Pride: Four of Nottingham’s Reality Stars Lift the Lid on Their TV Experience

2 November 21 interview: Ashley Carter & Emily Thursfield

Some wanted fame, some wanted success and some just wanted to have a bit of fun. No matter what their motivations, our Notts reality TV stars have all experienced the good and the bad of becoming almost famous. From chasing chickens for Lord Sugar to baking Battenberg for Paul Hollywood, here’s what they had to say about their time on Come Dine With Me, The X Factor, The Great British Bake Off and The Apprentice...

Simeon Hartwig
Come Dine With Me – Series 12

The Application
I didn't even apply to go on it. I moved into a little flat at the back of Hockley and we used to get calls to our landline all the time that weren't for us. We always ignored it, except for one time when it was Come Dine With Me asking if anyone wanted to apply. The woman seemed to like me, and put me forward to the next interview stage and it escalated from there. It was a bit of an accident really.  

The Audition
I told them I was going to have a pizza party, but they said someone else did that recently. Then I said I was going to make banoffee pie for pudding, but they said no to that, too. They suggested I make ice cream, so I was like yeah, sure, why not? The researcher helped me a lot, because she basically convinced me to make a load of stuff I didn't know how to make so I'd get on. 

The Evening
Each evening takes about six hours, and you just sit around getting battered. So I was really lucky to go first, because by the fourth evening everyone was knackered and marking a bit more critically. You only get £120 to spend. You're allowed to spend more, but I'd just started my brand and needed that £1000 prize! I spent half the money on booze, because I thought if they were drunk they'd enjoy themselves no matter what happened. 

The night drags on because people get taken out to be interviewed individually, but in general they let the conversation flow. If things got a bit boring they'd stop us and take us back to a controversial conversation topic we were having earlier.
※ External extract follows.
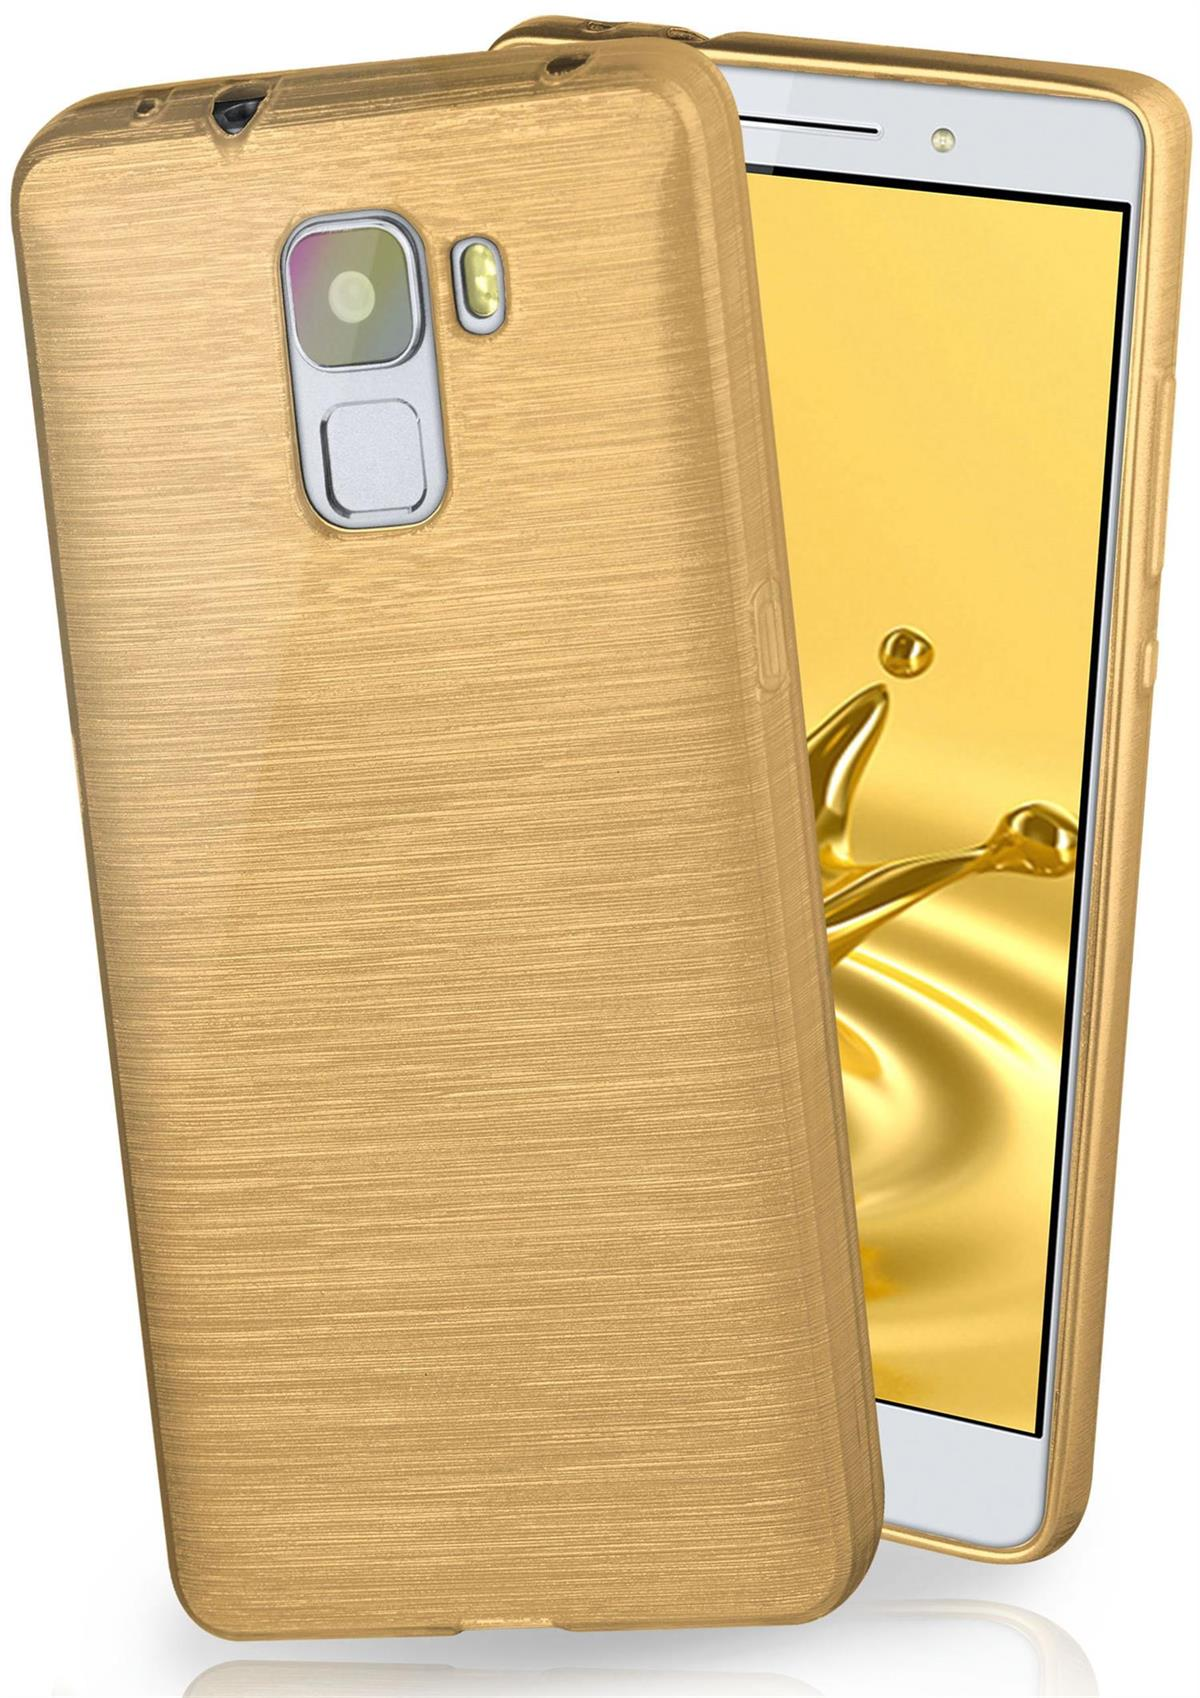 MOEX Honor Brushed Huawei, Ivory-Gold Backcover, 7, Case,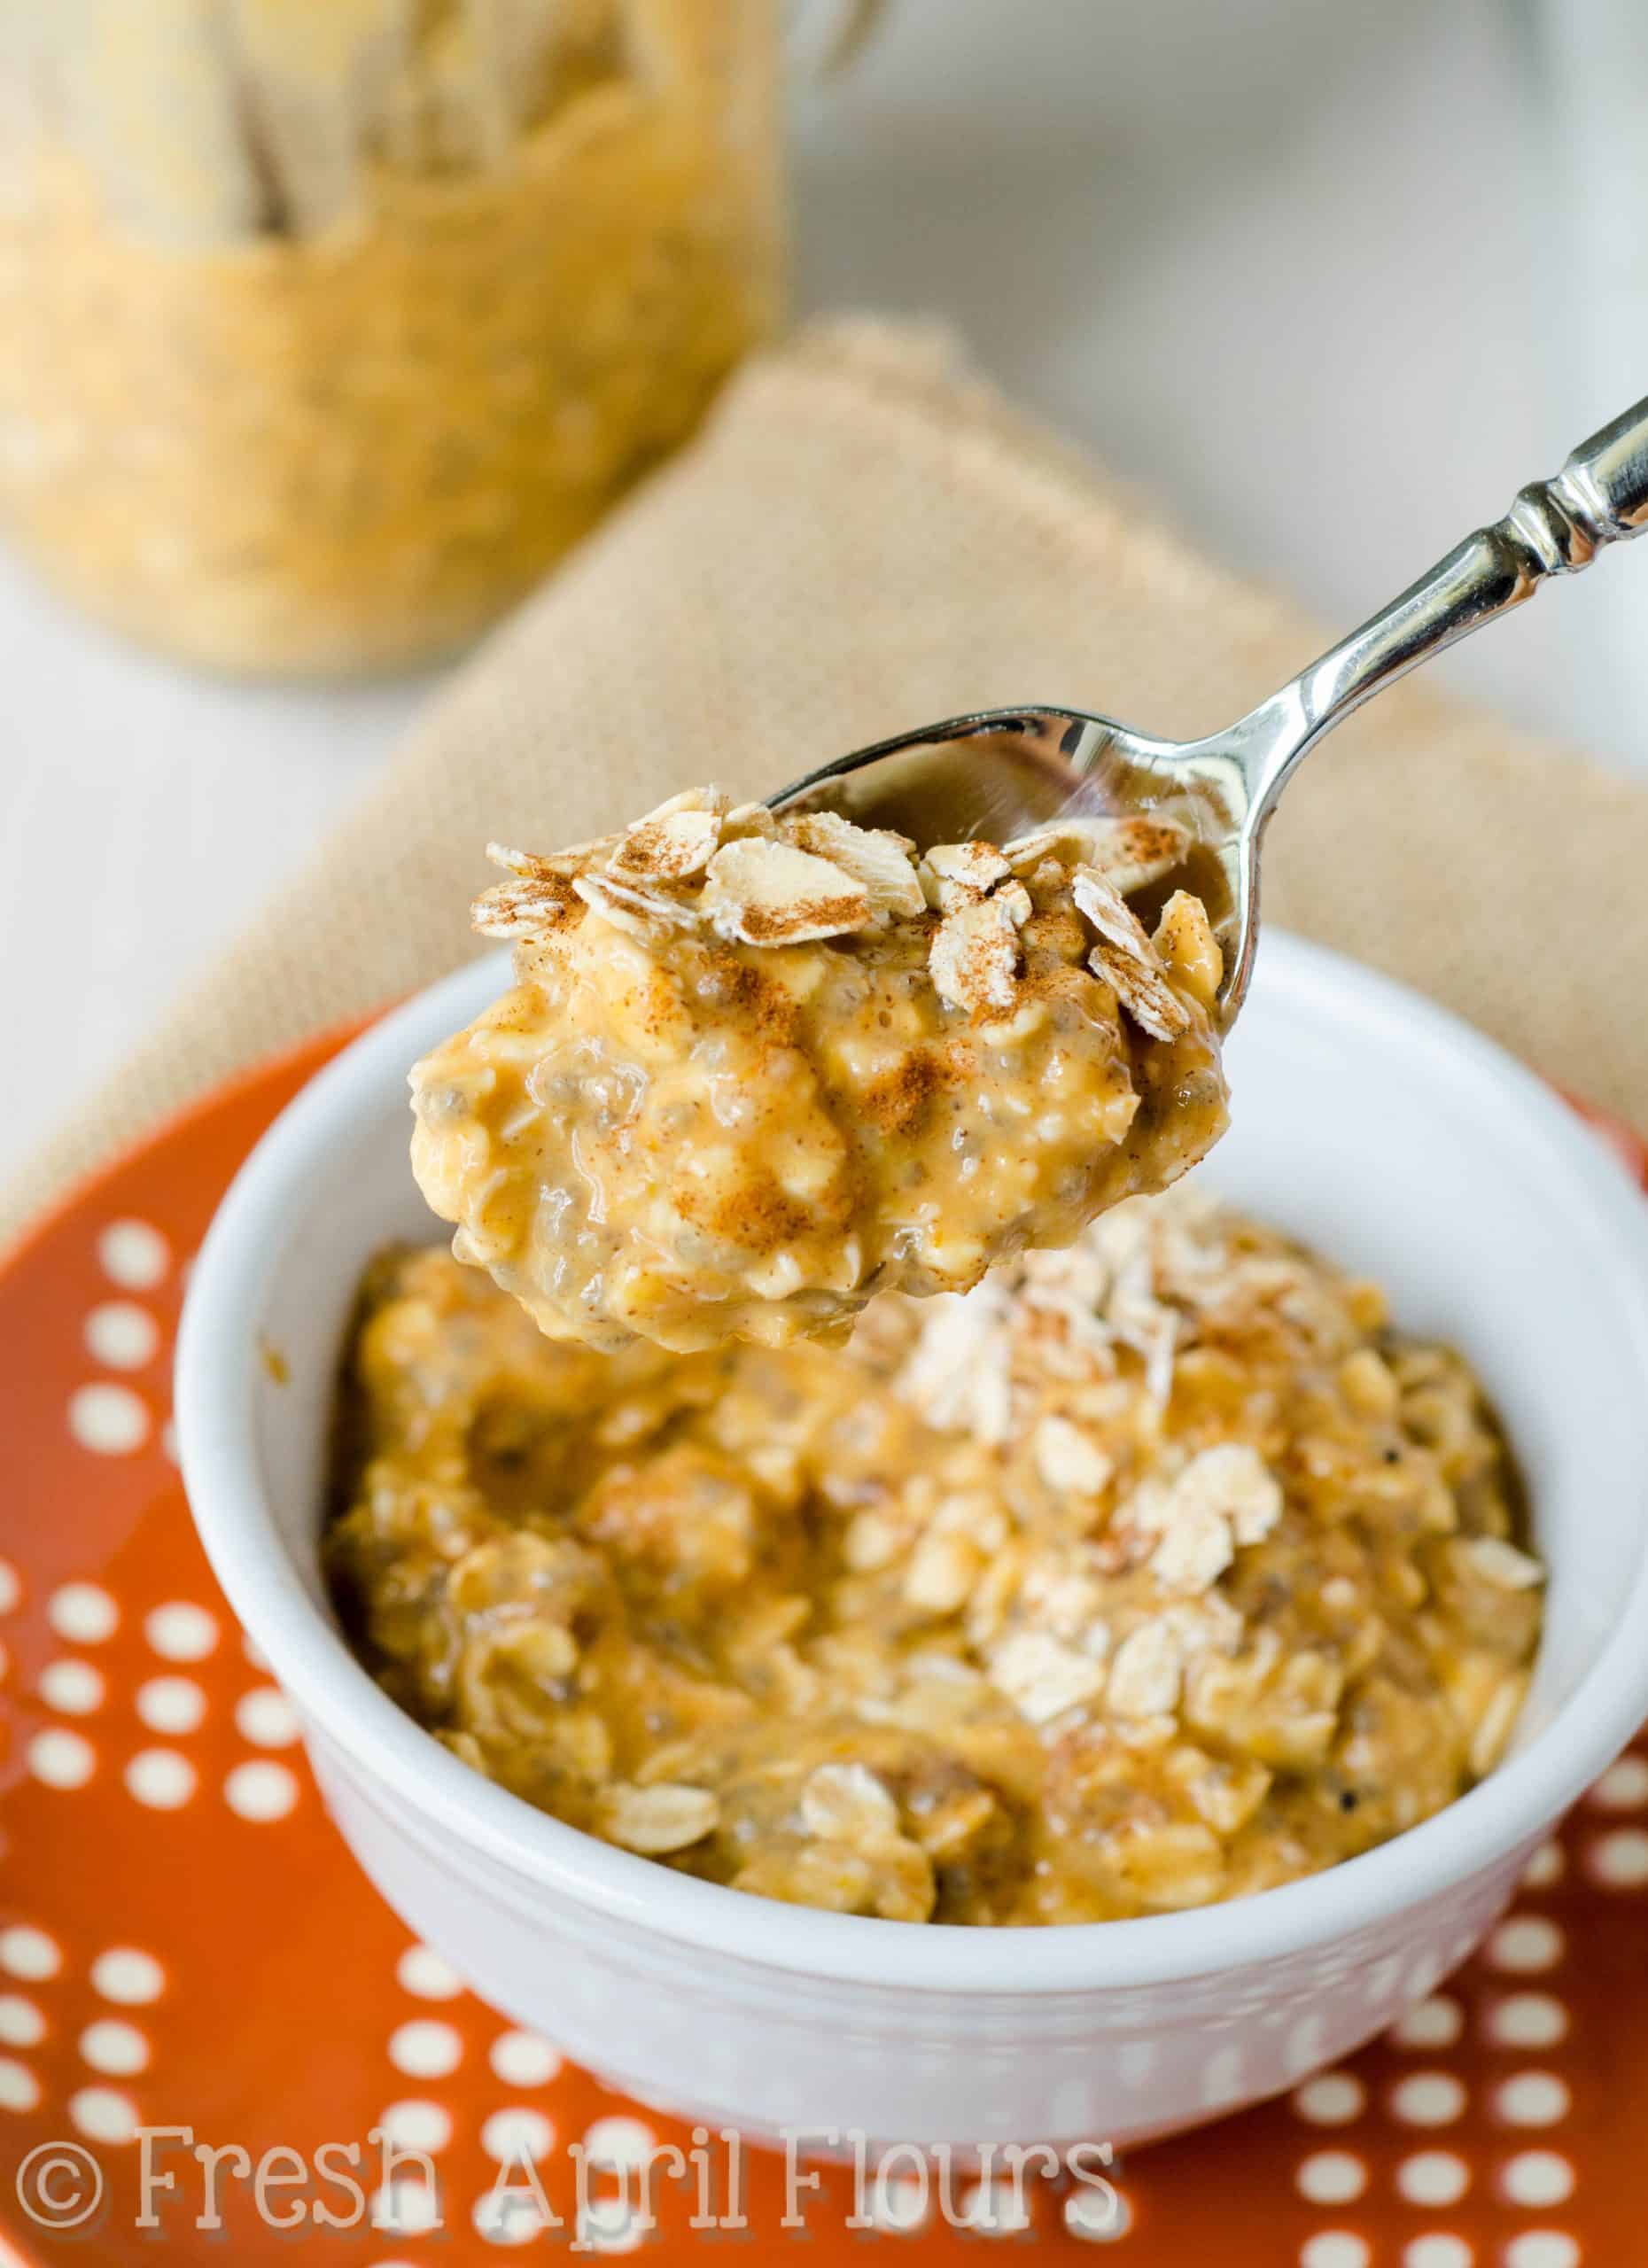 Pumpkin Overnight Oats: Hearty spiced oats that don't require any cooking!

I think they don't really want you to get on well with each other. 

The Messy Flat
I wasn't prepared for it at all. My flat was so messy that the production crew had to help me clean up before people arrived. I didn’t even have enough chairs! But I made sure I got loads of product placement for my brand - I had a t-shirt, jumper and a jacket with my slogans on. My online sales definitely went up afterwards.

The Controversy
I ended up coming joint-first, which I'm still a bit pissed off about. The producer pulled me aside after I gave quite a low mark with the guy I ended up tying with. He said that I seemed to have enjoyed myself, and that I was in danger of setting a bad precedent if I didn't give him a higher score. But his food wasn't very good! But he convinced me, and we ended up having to share the money. 

The Aftermath
People recognised me a bit afterwards, but most of the time they didn't know where from. I wish I'd been single at the time - I could have used my fame for a bit! I actually stayed in touch with the researcher. We were at the same house party in London and ended up going back to hers. We did the deed, but I had to get up really early the next morning for a market in Brick Lane. We didn't use protection, I didn't have cash on me and I was still a bit drunk, so I ended up writing her a cheque for £20 for the morning after pill and left it on the bedside table. I massively regret it to this day. She text me calling me a dick and that was that. Absolutely gutted.

Jordan Cox
Great British Bake Off - Series 5

The Application
I've never wanted to go on TV before - I'm not a fame hound at all. As a general rule I'm a very private person, but it just seemed like a really silly, lovely thing to do. 14,000 people applied to be on that year, and the process was quite long. I was called down to London a couple of times, and it was a constant show of your baking skills. Unlike other shows that might be more about your personality, Bake Off is very much about whether you could bake. 

The Right Stuff
The producers were really keen to make sure that no-one who went on was fame hungry or doing it to get some sort of TV career. Even the people that have become famous off the back of Bake Off were the people who were underdogs, and didn't really stand out at the beginning.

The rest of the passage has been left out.